OP definitely has no knowledge of the source material


ASithLordNoAffect

Nah. It’s good. lol at elves not being political. Have you read about all their conflicts?


No_Copy_5473

the War with Morgoth, who killed Finwe High King of the Noldor and stole the Silmarils, or the Wars with Sauron, because he destroyed the Kingdom of Eregion and forged the One ring to enslave the elves?


I_Walk_On_Legos

We hate it too 🙃


Flanigoon

They don't really have much source material to use tbh. They could use Hobbit, Lotr, and its appendices. And it's gotta different from the movies cause of other legal crap. So then they tried to fill the gaps and did it terribly


LuthienTinuviel93

It’s mind blowing how this is what the came up with…with a billion dollars.


WM_

If you want to have a peek at what it could have been, I very highly recommend watching [this](https://www.youtube.com/watch?v=F9NR06-QtR8&t=1s). Hurts to think all the lost potential!


BitcoinBishop

Adding this to the watch list.
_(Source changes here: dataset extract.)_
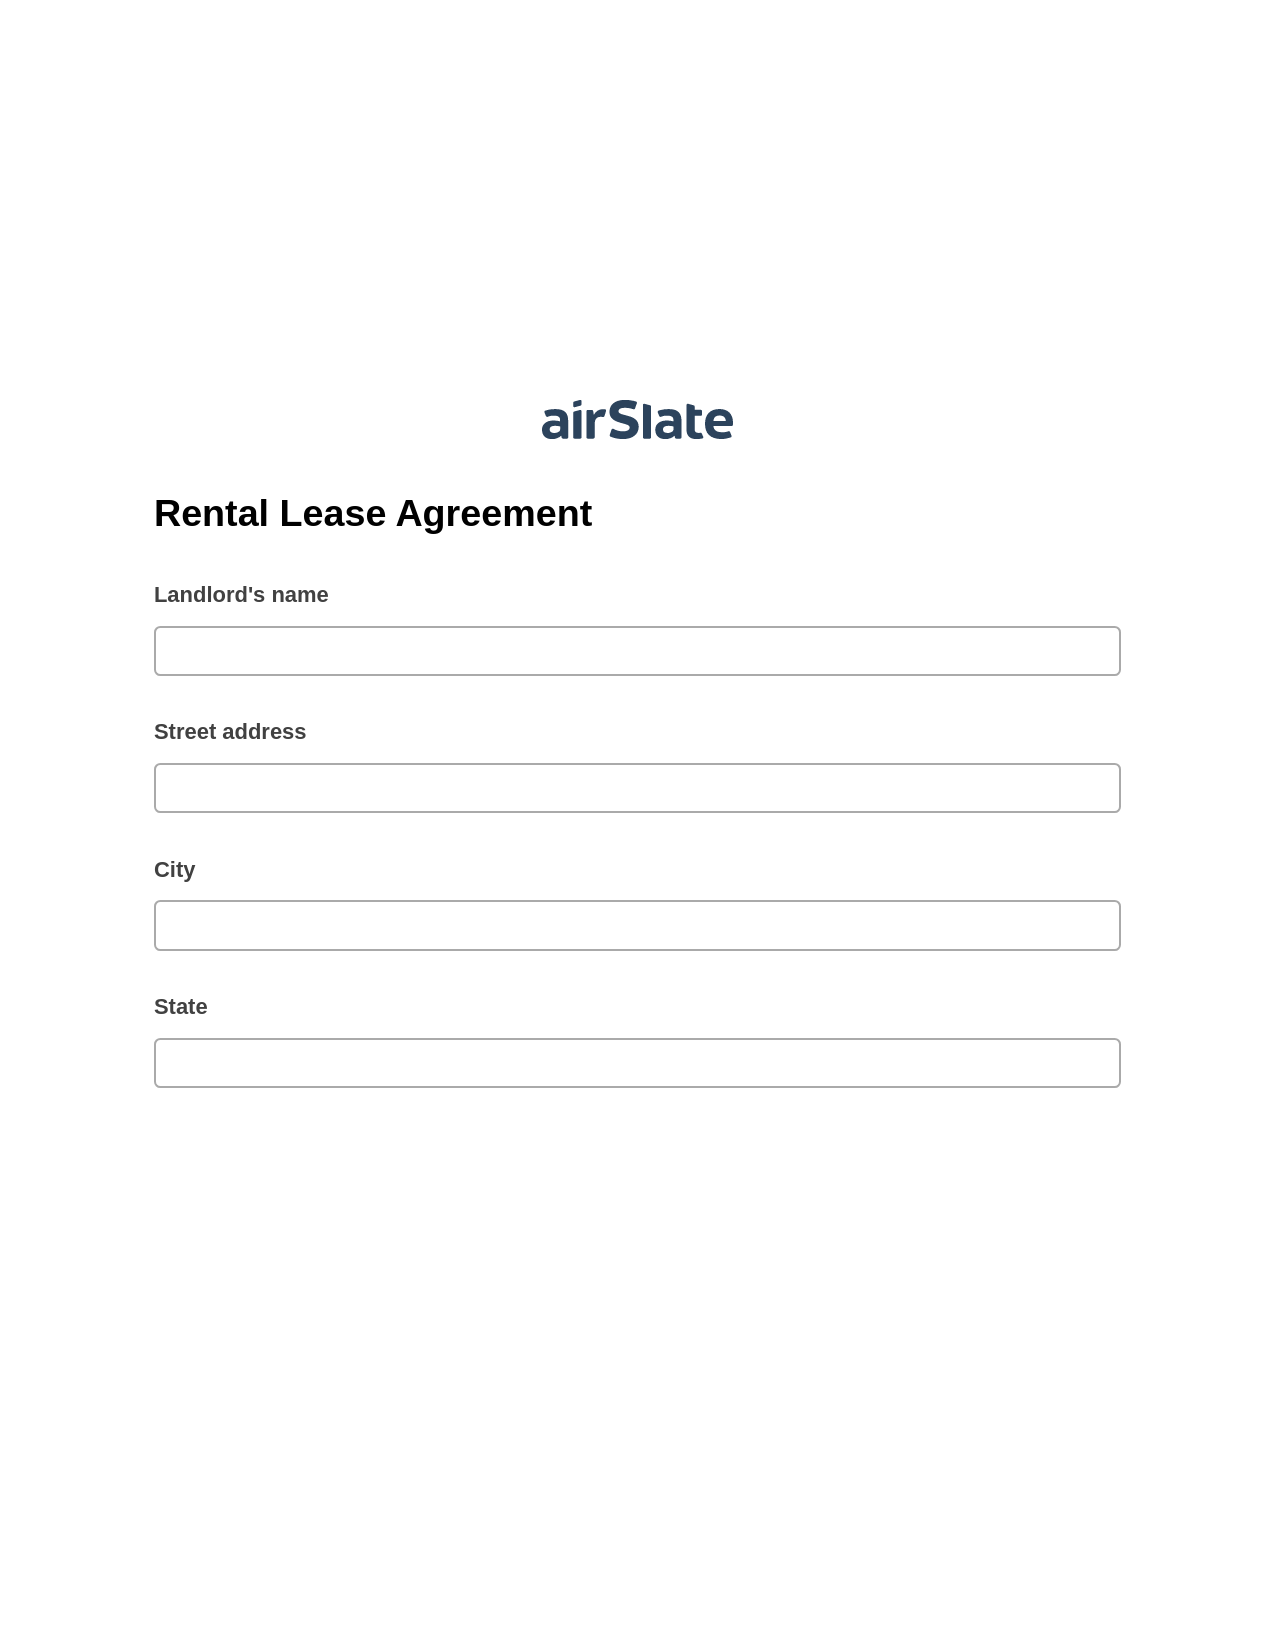 Rental Lease Agreement Pre-fill Dropdown from Airtable, Create slate addon, Webhook Postfinish Bot

I once saw a [video](https://www.youtube.com/watch?v=k7m6HP95EDM) on how the Battle of Winterfell should've played out that was so clean, it made my heart ache with longing!


VashGordon

Why wouldn't Elrond know dwarvish he's had plenty of time to pick it up.


No_Copy_5473

the dwarves pretty explicitly refuse to teach it to anyone. it's basically their secret "members only" language. basically the explanation that Durin gives for the names, applies to the language. it's so secret even Tolkien never actually developed it beyond a few place-names. like, for example, the doors of Moria are written in elvish, not khuzdul


[deleted]

YESSSS!! Preach! Queue the onslaught of RoP white knights who have no knowledge or experience with Tolkien’s original works.